■ Exercise: The data below should be copied out exactly, with its pictures omitted.

[Opening Given information section]

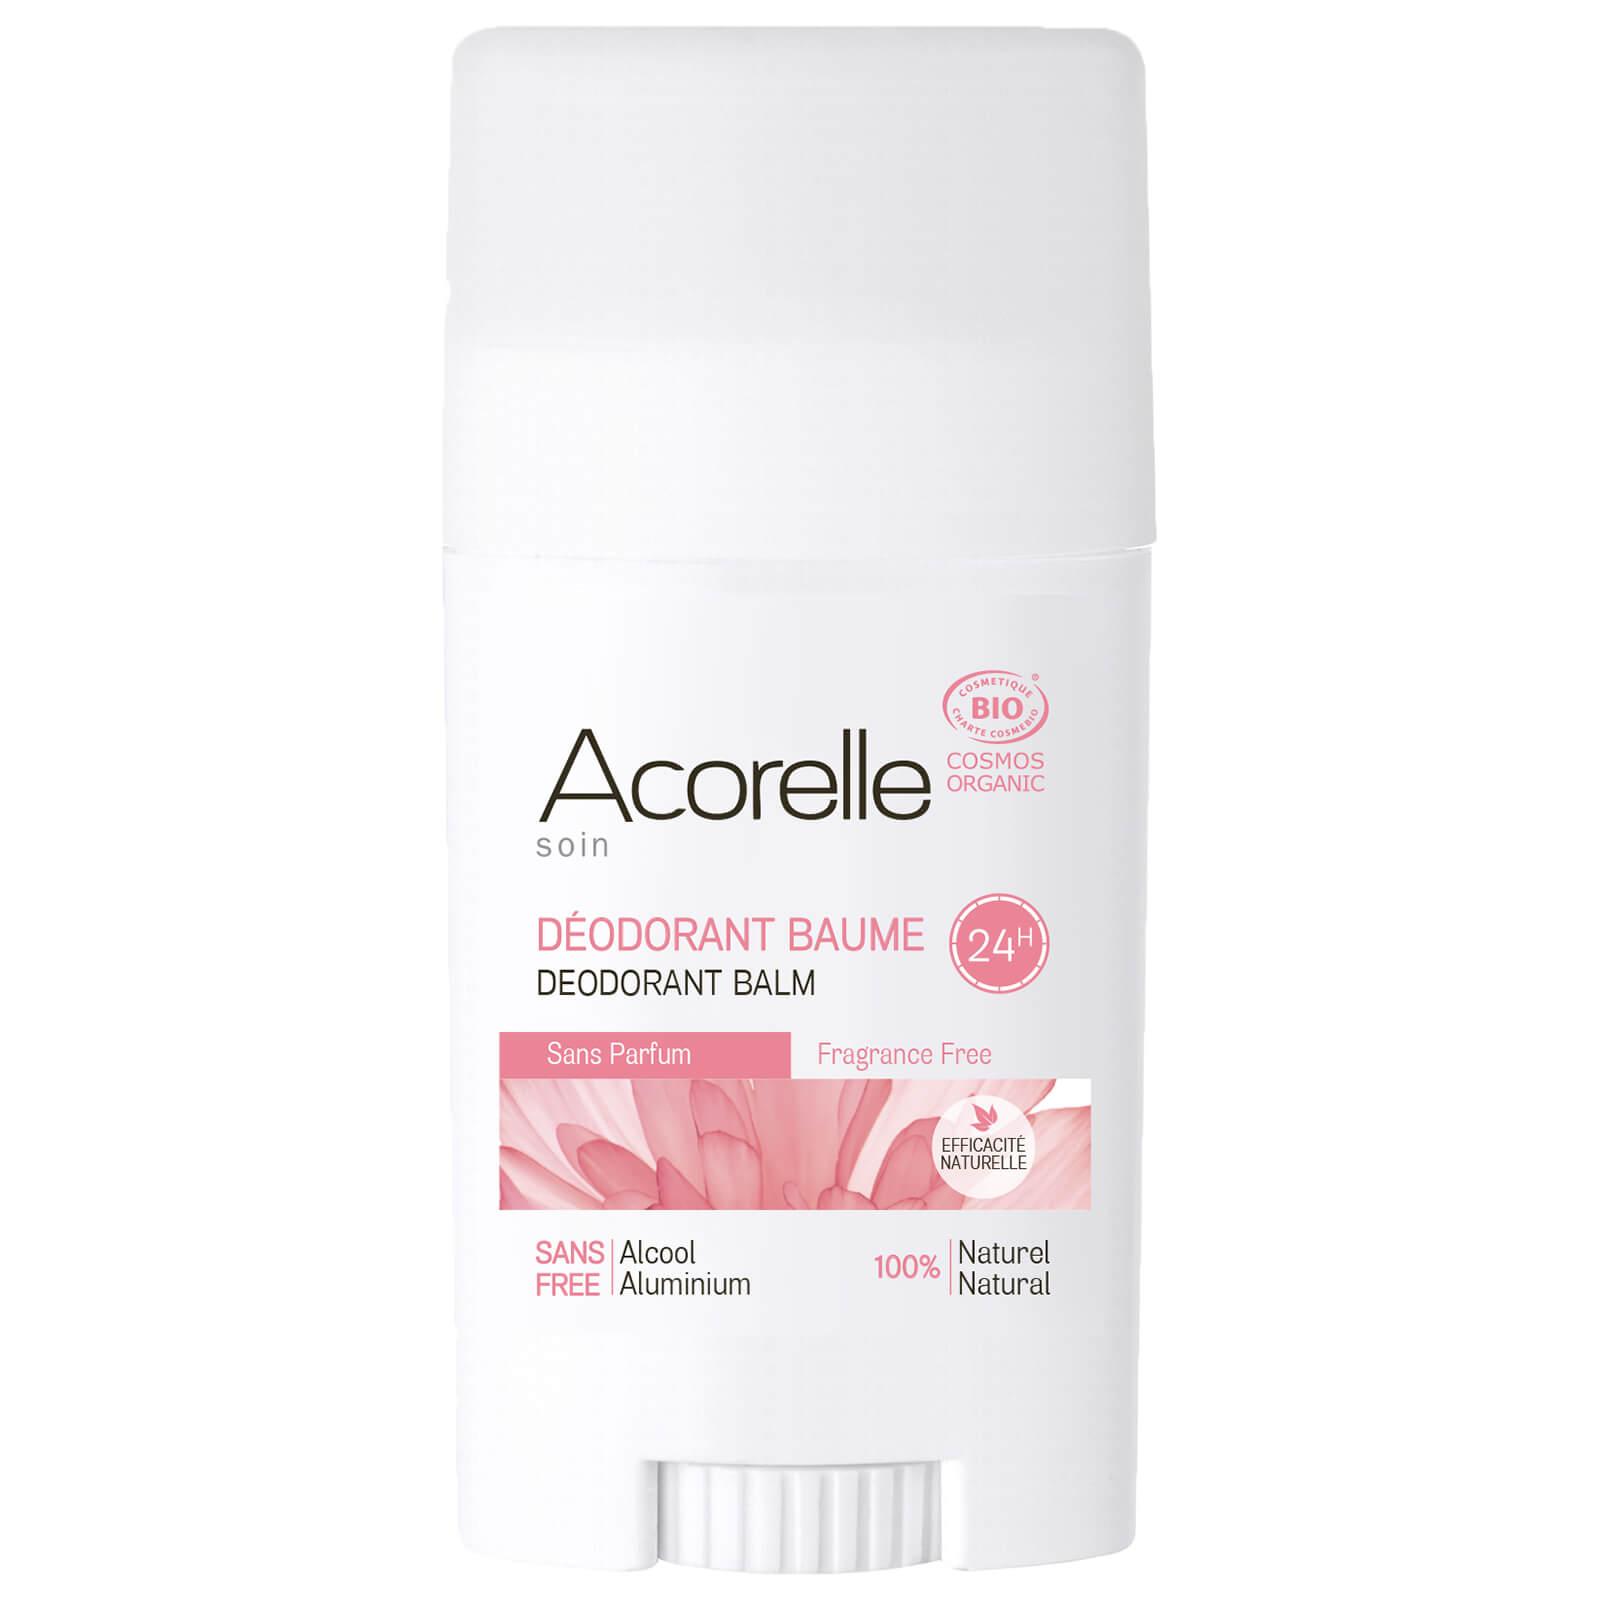 Acorelle Déodorant baume bio sans parfum Acorelle 40g
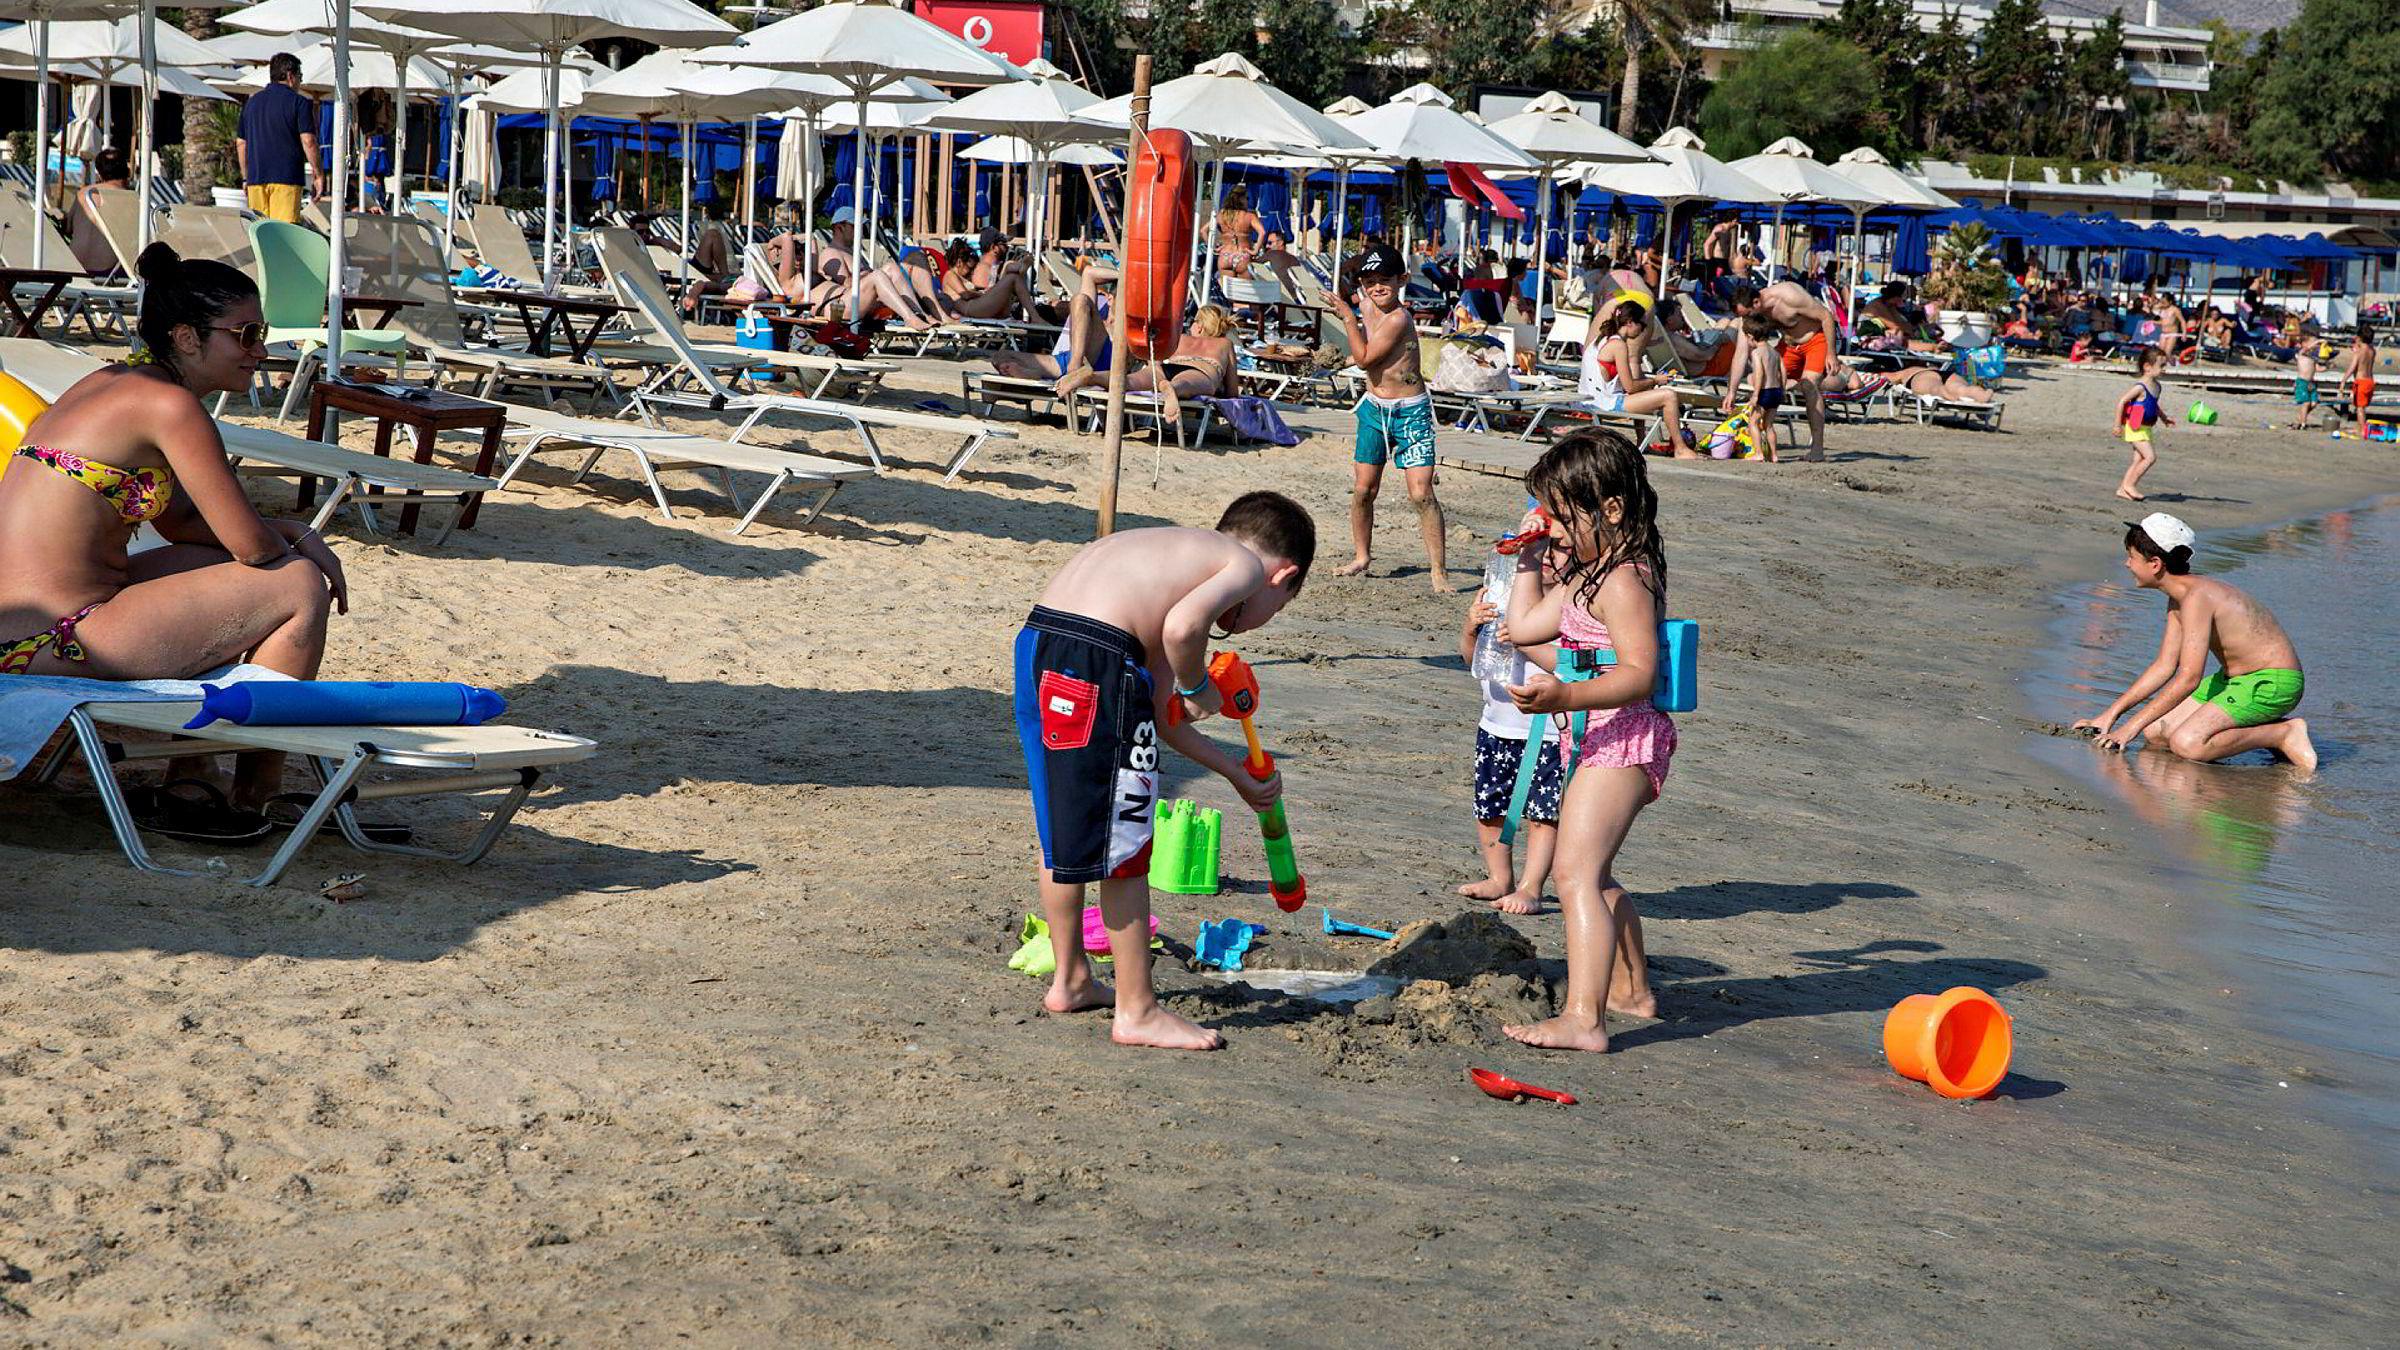 Presset fra hardt rammede reiselivsnæringer om åpning av grenser stiger daglig. Her fra Lagonisa, Hellas.
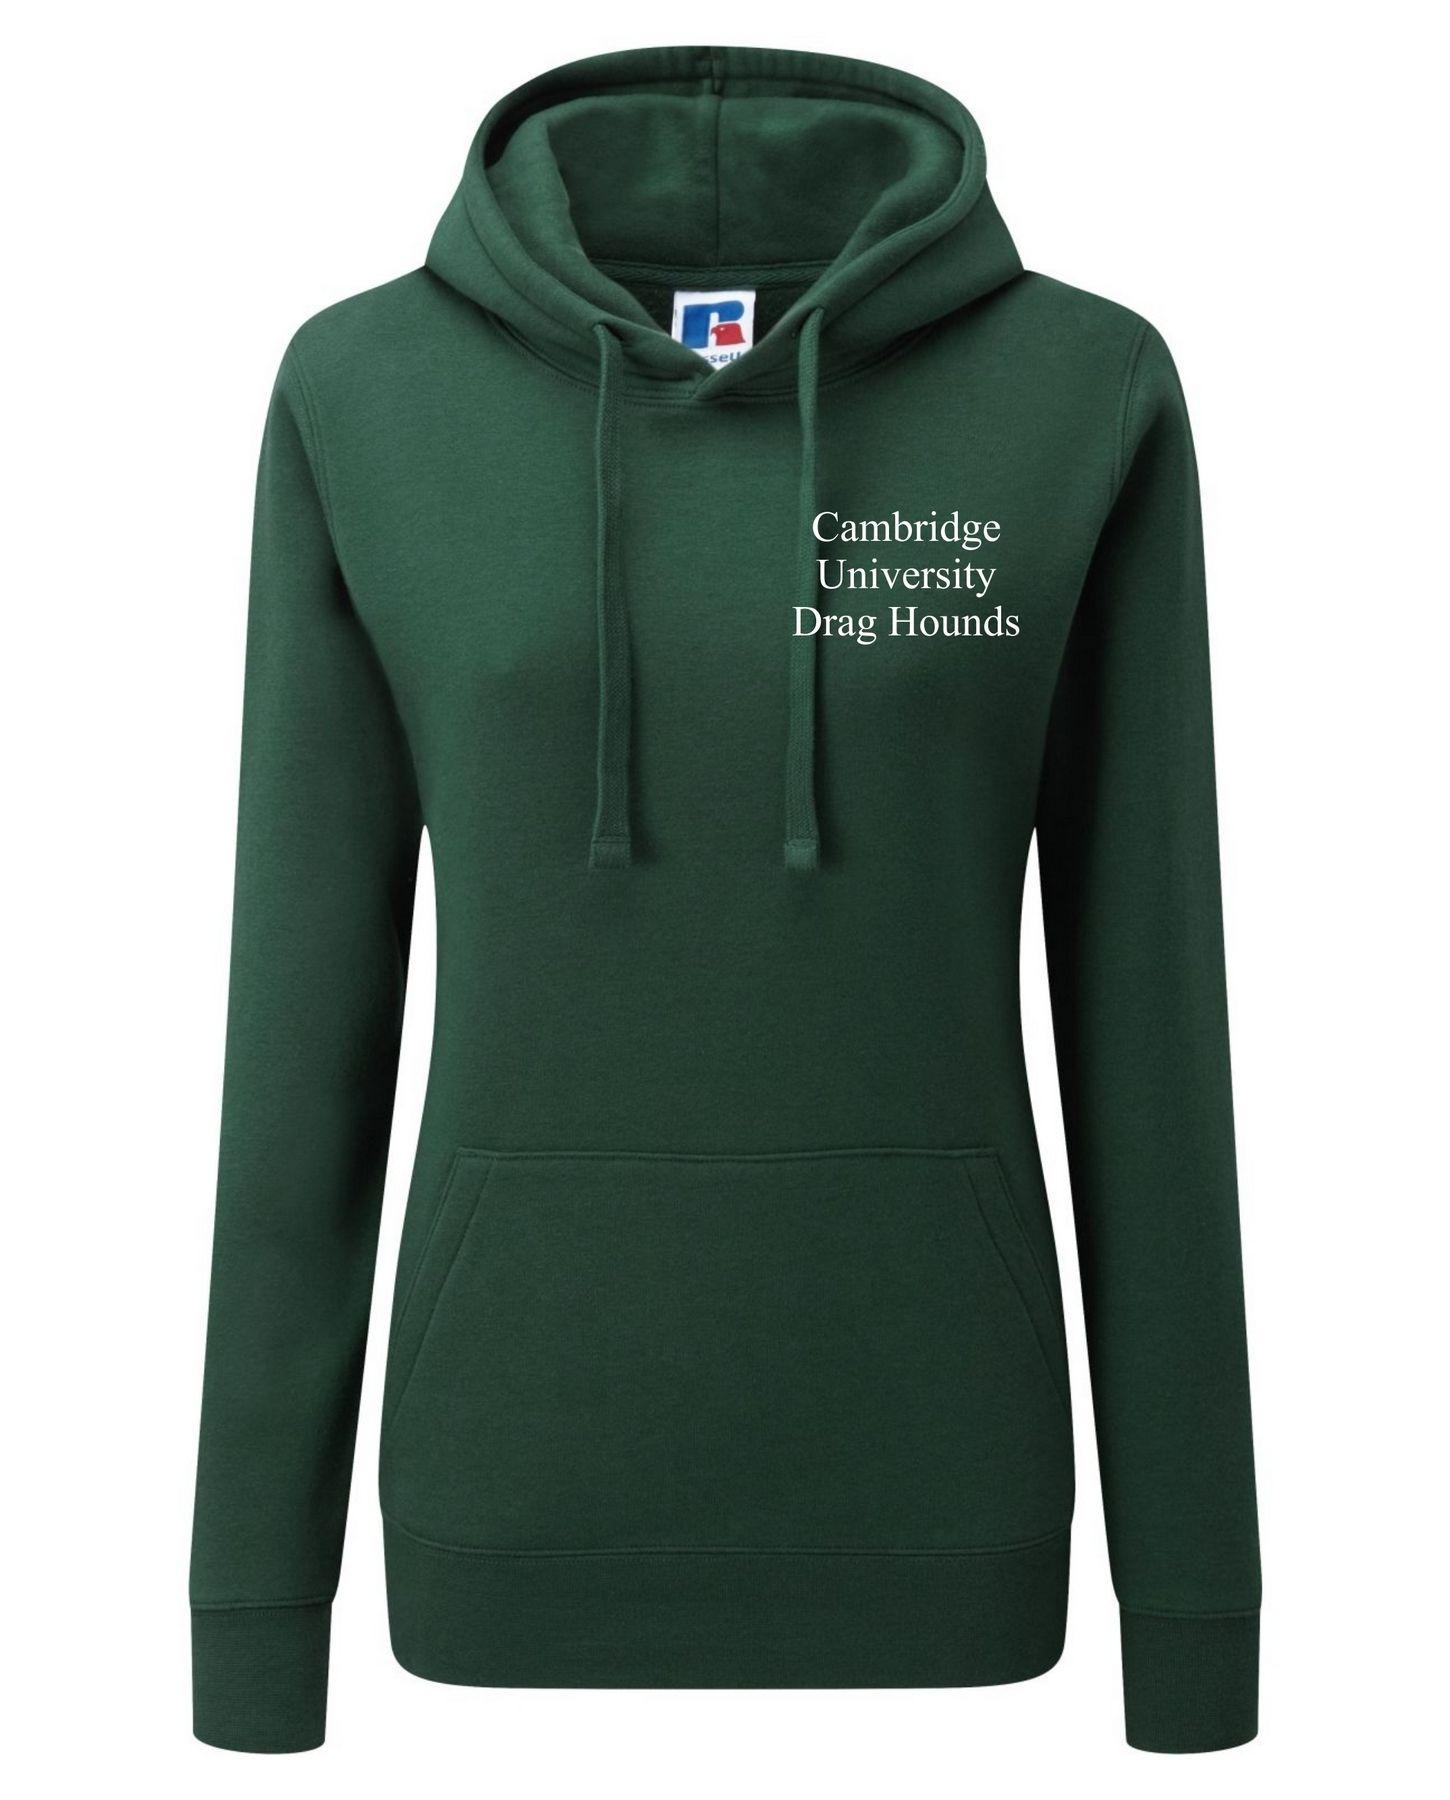 CUDH – Women's Premium Authentic Hoodie

[Closing Given information section]

■ Result of this task:
 Acorelle Déodorant baume bio sans parfum Acorelle 40g
 Presset fra hardt rammede reiselivsnæringer om åpning av grenser stiger daglig. Her fra Lagonisa, Hellas.
 CUDH – Women's Premium Authentic Hoodie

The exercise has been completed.